Getting to Good Enough with Homebrew Tools
Being a small company, we’re constantly looking for ways to save money in capital expenditures (sure, people cost money too, but the culture we’ve created here at Cirrascale means people work hard and go above and beyond…so labor costs for internal projects are often absorbed pretty easily). For immediate, high-priority issues, we obviously do whatever it takes (including throwing money at the problem), but long-term our goal is to be lean – don’t have large or recurring expenses if they aren’t necessary.
In the past few weeks, I’ve been trying to recreate an issue one of our customers reported related to intermittent network problems when using 10GBaseT. After the typical first steps of verifying that the components, firmware, and associated networking gear were all at the latest versions, and ruling out software and user errors, it was clear that the symptoms the customer was reporting were genuine, but that the source was non-obvious. This set me down the path of trying to recreate the issue in our lab, which is difficult given the complexity and scale of the environment at the customer site – there was really no practical way to simulate their environment on a small scale and then narrow things down from there. In unfortunate situations like this, it means the testing starts out ad-hoc so that we can get maximum coverage at various test points just to see which elements the problem is sensitive to.
Since this is an issue that manifests itself as network related problems, of course the starting point for our test setup was to run streams of packets through the system and try and spot errors. The trusty iperf is a quick way to generate traffic, with ethtool(8) and ifconfig(8) providing the “are there errors?” side of things. After firing up traffic and abusing our systems in a variety of different ways, we were unable to generate errors here in our lab. Seriously…zero errors. Nada. Zilch. Yet the customer was reporting errors in (what I think is) a far less demanding environment than what we had tortured our systems with in our lab. Even using suspect parts from the customer equipment (“Maybe this board is bad…try that in the test setup!”), no errors became evident. Something else was needed to try and figure this problem out.

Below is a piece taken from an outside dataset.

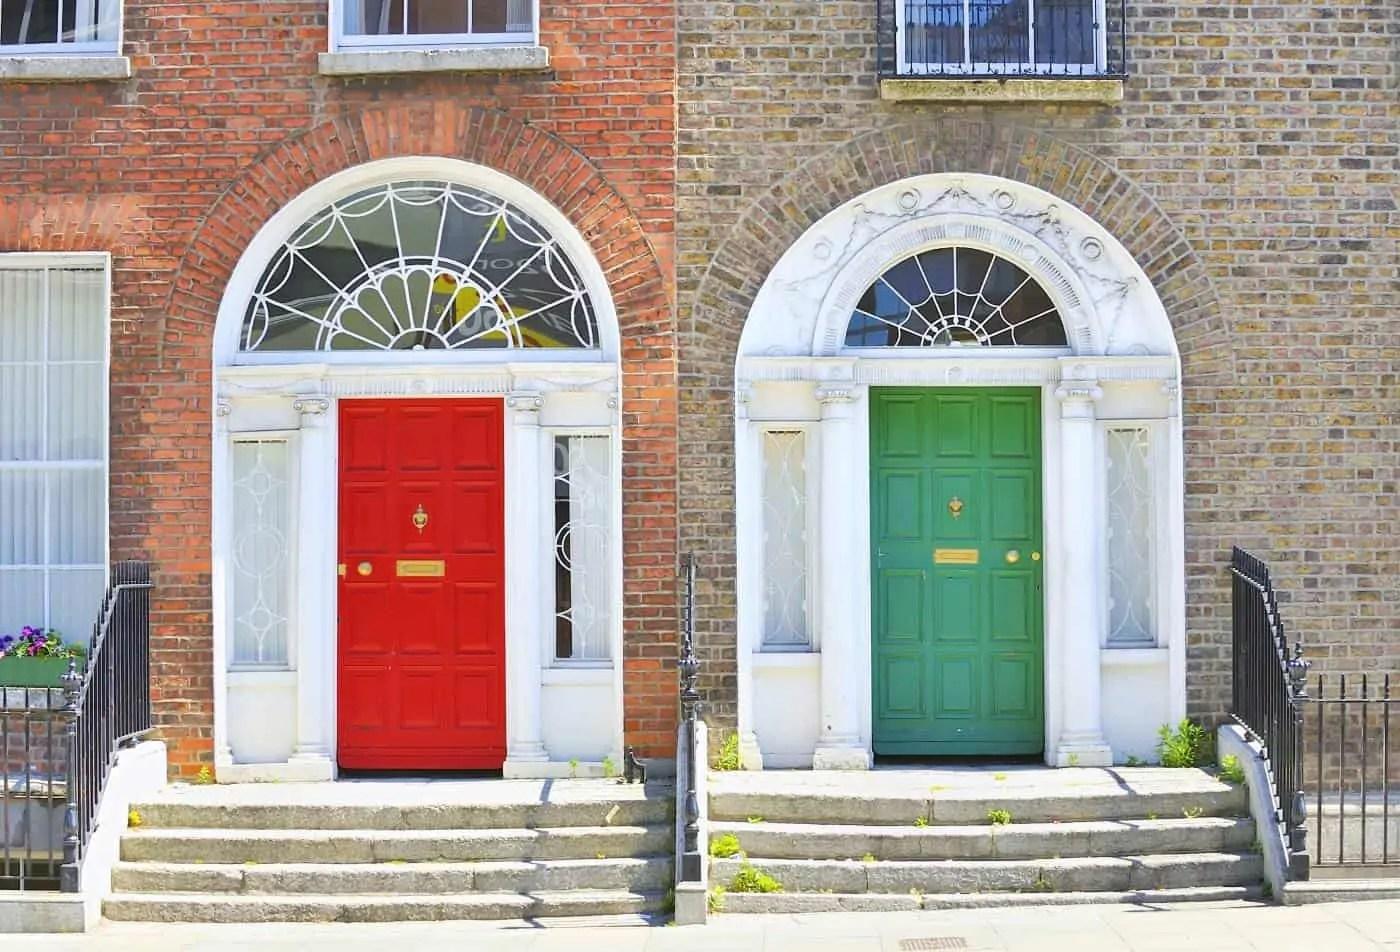 Georgian doors in Dublin's Merrion Square | c/o Deposit Photos

Thanks to our really helpful friends at Ixia, we were able to setup a number of blades in a BladeRack 2 Series Platform with continual 10Gbps traffic flowing through them, and monitor every frame for errors. Due to the way the Ixia product works (FPGA’s making raw frames and sending them to the PHY), after re-running the same types of tests that didn’t cause errors previously, we were now able to see errors. Yay! There was now a repeatable way to cause errors to happen, and the nature of the errors aligned well with the symptoms the customer was seeing. From there, it was a relatively quick path to understand the problem, and come up with solutions.
What does this have to do with trying to be wise with company money?
With the immediate customer problem taken care of, the obvious question became “How did we miss this in the design phase?” quickly followed by “How can we catch this (and similar things) next time?” The first question has some pretty interesting answers, but is a tale for another time (over a stiff drink…). The second question is at least partially answered by having a suitable test harness available so that we can verify the problem doesn’t crop up again in newly built and newly designed products.
While the Ixia product was fantastic for getting the problem solved quickly, it’s quite an investment to make given that it’s overkill for our usage; for this particular issue we don’t need the advanced capabilities of the product, such as replicating customer workloads, or injecting errors at various levels. What we need is a way to generate high-speed traffic, and monitor for errors. Astute readers may notice that that’s exactly what we tried initially using iperf, ethtool(8), and ifconfig(8) – only to not see any errors. It turns out that while sometimes errors can be so egregious that the NIC driver and OS have visibility to them, what happens more frequently (as a precursor to those errors) are errors between the MAC and PHY. Specifically, the MAC reports that the PHY sent some bogus data, so the MAC filters that erroneous data out…meaning OS and driver level tools (aka ethtool(8) and ifconfig(8)) never see the errors. With the Ixia product, this didn’t happen because the FPGA has, and reports, everything that is happening from the PHY: No errors get ignored. Of course, testing for a longer period (now that we know the conditions which can cause the problem) would undoubtedly show the customer symptoms as well, but a shorter test cycle means higher design and production throughput.
Nearly all of our 10GBaseT solutions involve the use of the Intel X540, because it is an extremely high performance and low cost part. Fortunately for us, Cirrascale and Intel also have a great working partnership, so a quick description of where we’re trying to see errors has Intel providing us with a tool that can show exactly that (in addition to generate lots of network traffic while using relatively little CPU resources!). This enables us to take these relatively low-cost NICs, combined with other COTS parts, and build a test harness that can look for errors exactly where we want.
In the end, we have a homebrew solution which required negligible capital outlay (we had most the components already laying around our lab), and is easily repeatable…we could make another one just like it (that’s what we do here afterall!) as many times as we need to to satisfy our testing demands. There are obviously downsides, like not having as user-friendly of an interface as the commercial tools and not having nearly as many options and knobs. For us, the solution is optimal though – it is tailored for our needs. It’s by no means perfect, but it’s good enough.